Militant attacks on education institutions continued into 2013, GCPEA reported. For example, an explosion on a school bus at the campus of the Sardar Bahadur Khan Women’s University in Quetta in 2013 killed 14 female students and wounded up to 19 more.
Ninety minutes later 11 people died in a blast aimed at the medical centre where the survivors had been taken for treatment.
While the colleges and schools faced imminent threat in the Punjab after last month’s school attack, according to security officials, schools and colleges in Karachi also closed earlier than usual.
“We checked with the Citizen Police Liaison Cell and were told there was no such threat here that they knew of for institutions in Karachi,” said Talib Karim, rector of the Institute of Business Management.
“All schools were supposed to open on 2 January, but a notification from the government extended it to 12 January. It is not binding on us, but we are following the directive. God forbid if anything happens, the government can always turn around with a ‘we told you so’.”
However, he said the government was looking for an ‘easy way out’ to grapple with the problem of militancy and terrorism by leaving the decision to universities whether to close or not.
Security burden on institutions
“This is really not the solution,” Karim said. “A suicide attack or a bombing by militants can only be pre-empted by good intelligence. This is the job of the state,” he said. “We already have basic security which has been further enhanced and there is more fencing which can act as a deterrent.”
The Peshawar attack resulted in a public outpouring of grief, but Karim says it has also increased the burden on him. Educational institutions once considered safe are looked upon with fear. “We are responsible for hundreds of kids every day, but so helpless in the face of terrorism.”
Pervez Hoodbhoy, professor of physics and mathematics at Forman Christian College, Lahore said “closing schools hurts society but it costs nothing for the intelligence agencies to issue an attack warning”.
“To protect schools from terrorists who wield machine guns and carry hand grenades is impossible.
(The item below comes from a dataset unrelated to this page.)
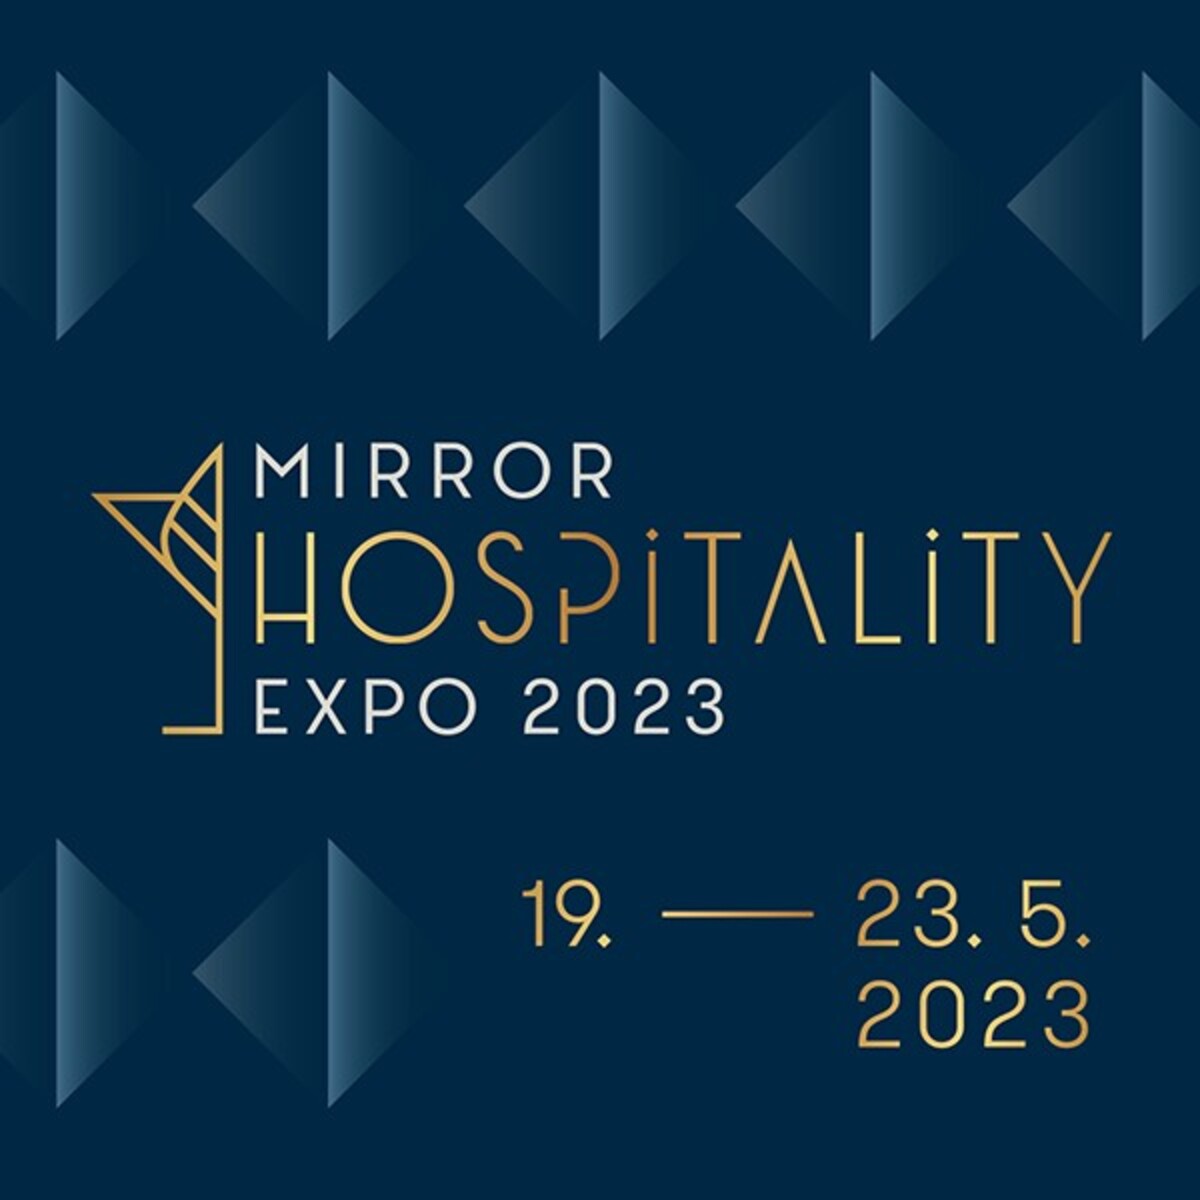 Mirror Hospitality Expo 2023

Hard targets, such as military bases, have been successfully attacked. How can one hope to protect soft targets like schools?”
Dr AH Nayyar, a physicist and leading voice for reform of education, has written extensively about the pervading Islamic content in school textbooks and warned of radicalisation of impressionable children and young people.
“We are facing absolutely mad people who are ready to kill and ready to die. Exposing children to their murderous attacks should be unacceptable,” Nayyar told University World News.
The only two solutions were to eliminate the terrorists, or ensure educational institutions are well protected. But how well an institution can be protected, or whether all the institutions can be provided such security are difficult questions to answer, he said.
Experts, sadly, are convinced more bloodshed is in the offing. “No one should think that the Peshawar atrocity was the last one because some religious people believe Pakistan needs to be destroyed as a Muslim state and then recreated as an Islamic Sharia state,” warned Hoodbhoy.
“This sentiment lies at the base of religious terrorism and the widespread tolerance for terrorists. Pretending otherwise won't help.”